Numerosi sono stati i partecipanti in ascolto di un racconto a più voci su un passato che inorgoglisce e rilancia i suoi soci con lo stesso impegno di chi li ha preceduti nella costruzione di rifugi, sentieri, progetti culturali, passioni che si declinano sulle strade che dalla montagna portano lontano, fino alle città alla pianura, alla società intera.
La serata
Percorrere assieme la storia e il presente del sodalizio ha rappresentato un momento per riaffermare valori che non scadono, solidi come una roccia, saldi come un appiglio sicuro. Fare memoria per volgere lo sguardo al nostro futuro è stato il motto di partenza della serata moderata dal direttore del Giornale di Brescia, Nunzia Vallini.
La montagna è uno spazio per tutti. Il Cai Brescia l’ha affermato con convinzione nelle parole di apertura del suo presidente Renato Veronesi, che rilancia il profilo volontaristico dell’associazione e la sua capacità e volontà di dialogo e di azione con soggetti diversi, dalla Amministrazioni pubbliche a quelle sanitarie, dal mondo accademico e della ricerca a quello giovanile.
Una fatica utile
La bontà dell’intenzione è confermata dalle parole dell’assessora con delega alla Transizione ecologica, all’Ambiente e al Verde del Comune di Brescia Camilla Bianchi, secondo la quale «il Cai insegna lo stile di fare fatica assieme». Una fatica giudicata e utile, come mostrano gli esiti positivi dei progetti comuni che riguardano ad esempio la Maddalena e i suoi sentieri.
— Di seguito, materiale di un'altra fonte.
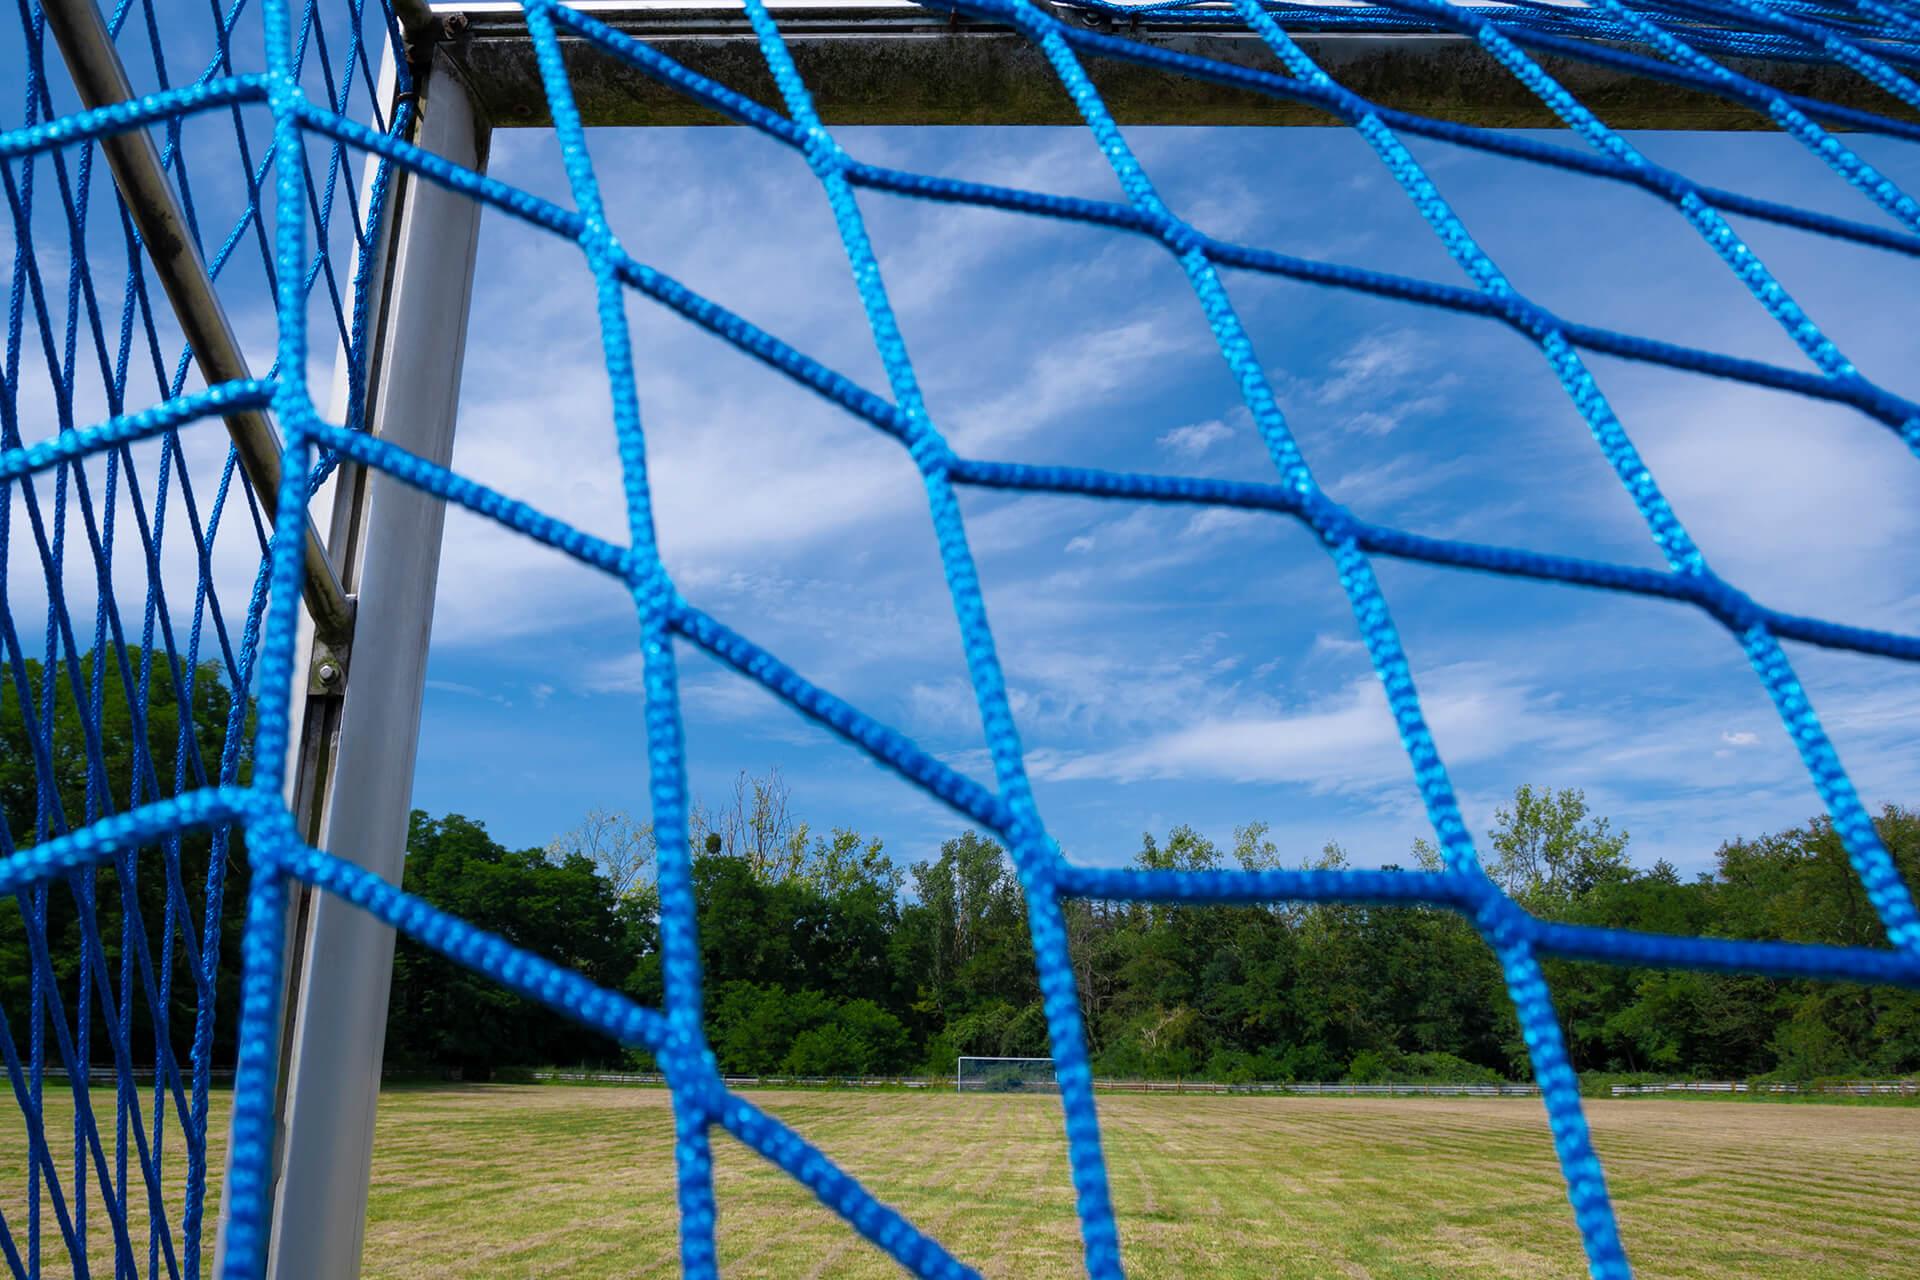 Torecke mit blauem Netz

Anche il professor Carlo Alberto Romano, Prorettore per l’Impegno Sociale per il Territorio dell’Università degli studi di Brescia, ha confermato che l’ateneo e la sezione cittadina del Cai percorrono una strada tracciata da tempo e che si rinnova proficuamente in ambiti diversi.
Divulgazione e cultura
Temi che emergono anche tra le pagine del nuovo numero fresco di stampa della rivista sezionale «Adamello», che il suo direttore Angelo Maggiori ha presentato nel corso della serata evidenziando i numerosi contributi che aiutano a mettersi in continuità con il passato per proiettare uno sguardo certo verso il futuro. Ma che futuro si delinea per la montagna? Sicuramente a tinte fosche per il nostro Adamello, come ha ricordato il professor Roberto Ranzi che lo studia da anni. Le polveri sahariane della scorsa estate infatti hanno favorito una ulteriore perdita di spessore del ghiaccio.
Ci salverà uno sguardo nuovo e diverso. «L’esperienza metaforica della montagna fa percepire la fatica come qualcosa di transitorio e non di permanente». L’hanno raccontato Emanuele Frugoni e Sofia Bosio, educatori nell’ambito della Montagnaterapia. Un grande anniversario insegna anche questo. E che il racconto possa continuare, passo dopo passo.